So now let’s consider the first of the three points I raised in Part I of this series—namely that when anticapitalists conflate dialectical materialism1 with reductive materialism, they inherently feed into anti-indigenous western supremacism and technocratic fetishization of something mistakenly called “science.”
Reductive materialism is the belief that everything comes down to “stuff,” that the cosmos is comprised entirely of empirically observable matter interacting within the bounds of (at least theoretically) knowable natural laws. Some would also term this belief “reductive scientism.”
It is, of course, impossible to prove this assertion scientifically. In perhaps the ultimate manifestation of Gödelian incompleteness, reductively scientistic materialism relies on axioms that reductively scientistic materialism cannot itself prove. Materialists simply assume that the cosmos consists entirely of matter because that happens to be what suits the materialist agenda.
More to the point, reductive materialism does not have a viable model for consciousness. There are certainly reductively materialistic theories of consciousness that claim viability—but these ultimately fail to account for the subjectivity of the conscious self (or what we call “qualia”).

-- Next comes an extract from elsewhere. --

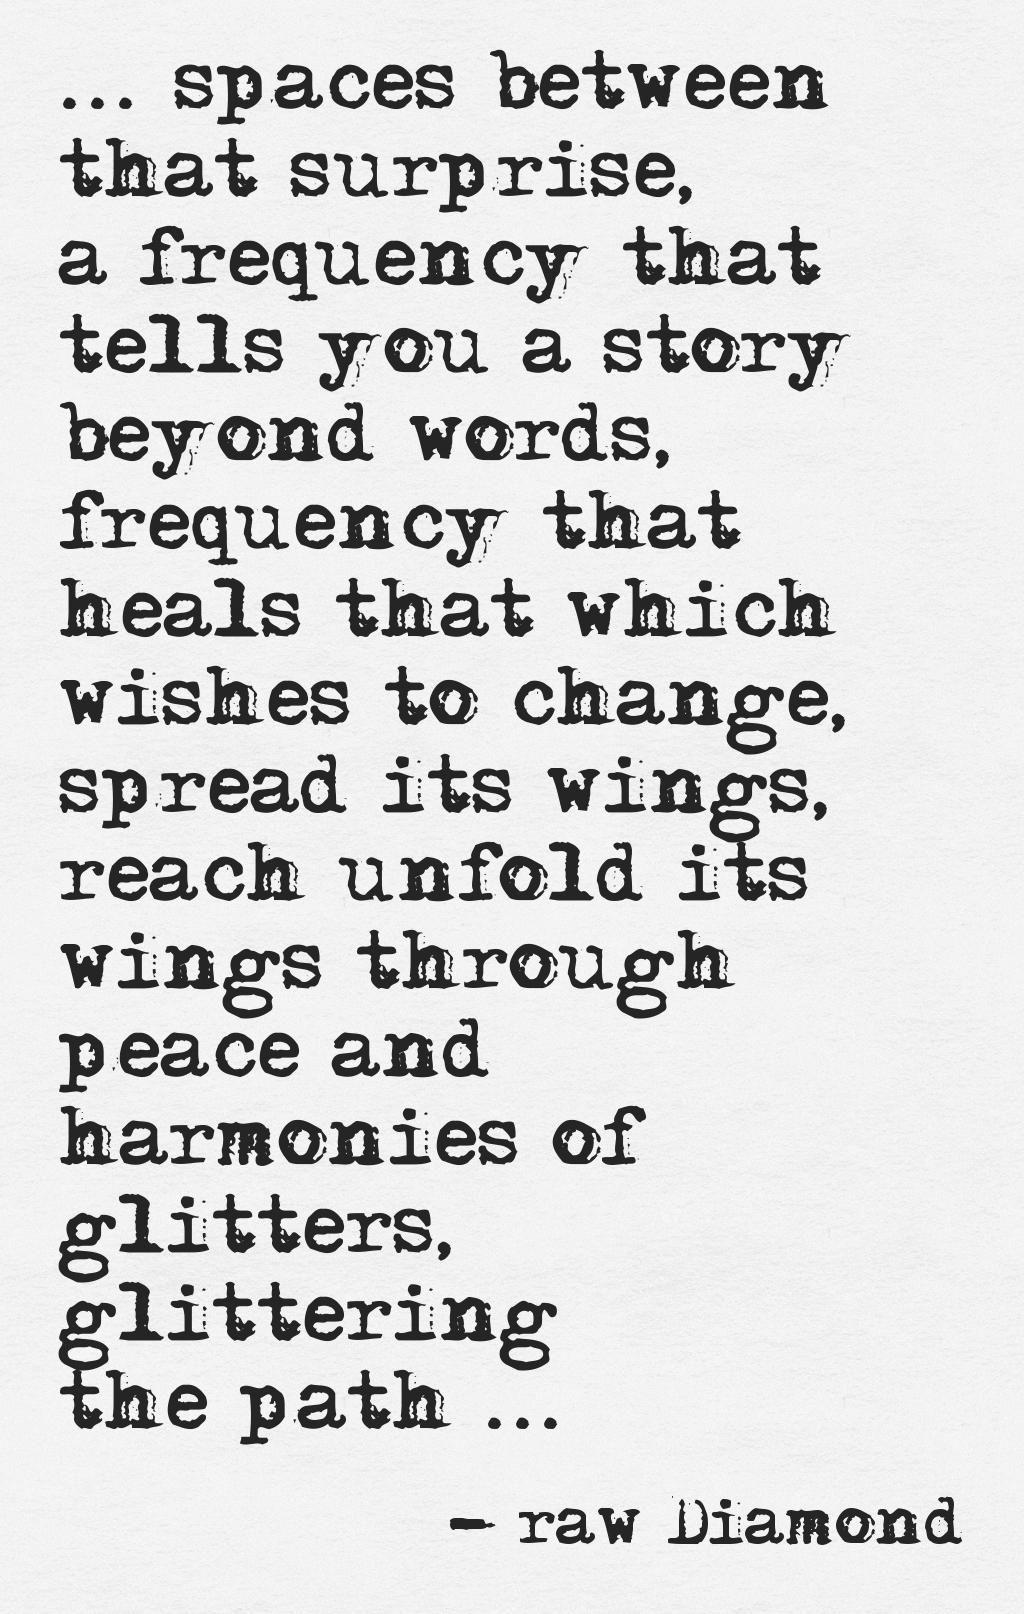 www.rawdiamondfacets.com #awareness #consciousness #beyond #light #healing #source #starwings #melody #harmony #rawdiamond #facets #glitterway

That is, the reductive materialist can trace the entire material pathway from light striking an object, through that object reflecting light of a certain wavelength, through that wavelength of light striking the sensory apparatus of your eye, to that sensory stimulus in turn stimulating bioelectrical signal in your nervous system and brain. But it cannot account for your subjective experience of color.
Nor can reductive materialism account for your awareness that you are subjectively experiencing color—or for all the mental activity that you might choose to engage in based on that experience: deciding to buy the peaches because they look so ripe and delicious, telling a friend to absolutely not paint their living room that color, writing a poem about the bright blue sky over Gettysburg.
It is, in fact, the project of reductive materialism to deny our direct experience of consciousness—or, perhaps more precisely, to second-guess it. But the reductive materialist invariably excludes one set of conscious experiences from this skepticism: that exception being their own conscious conclusions about reductive materialism.
Ideas, according to the materialist, are accidental properties contingent upon the material conditions. All ideas, that is, except their own mechanistic, reductive view of the cosmos.
It would be bad enough if scientistically reductive materialism were simply wrong-headed. But it’s worse than that. For at the same time as materialists valorize their reductive view of the cosmos, they invariably pathologize the worldviews of indigenous peoples—which are anything but reductive.
Mythic narrative, animism, and other aspects of indigenous belief-systems are, by the measure of the reductive materialist, defective. So the Marxists who decry religion as the Opium des Volkes paint themselves, inadvertently or not, into a corner when it comes to the Navajo, the Yanomami, and the Yoruba.
Can a mountain not be sacred? Is a totem without use? Is there no explanatory power in positing a deity of the crossroads? Not according to the reductive materialist. whatever use such things might appear to have, it is only because even a stopped clock is right twice a day.
And, here again, the materialist insists on self-exclusion. All faith is pathology, except the materialist‘s faith in their own intellectual aptitude.
There is, by the way, absolutely no reason to insist that to be an effective anticapitalist one must utterly disavow the immaterial. I am actually putting forth here a strong argument to the contrary: that reductive materialism is an artifact of white western culture—and therefore counterproductive to the epochal project of anticapitalism and the unmaking of white western hegemony.
But before we get there, let’s be clear. Scientific knowledge—while profoundly utile and transformative—represents an infinitesimal fraction of human knowledge. I know how I felt waking up this morning. I know how to jam over the changes to Green Dolphin Street. I know what my father told me before he died. None of this is scientific knowledge. But it is knowledge nonetheless.
And it is this fullness of subjectively experienced knowledge that ultimately leads people to both the conviction that capitalism must be displaced and, even more critically, to the collective revolutionary action that will bring about that displacement.
A term, it should be noted, that Marx himself never used.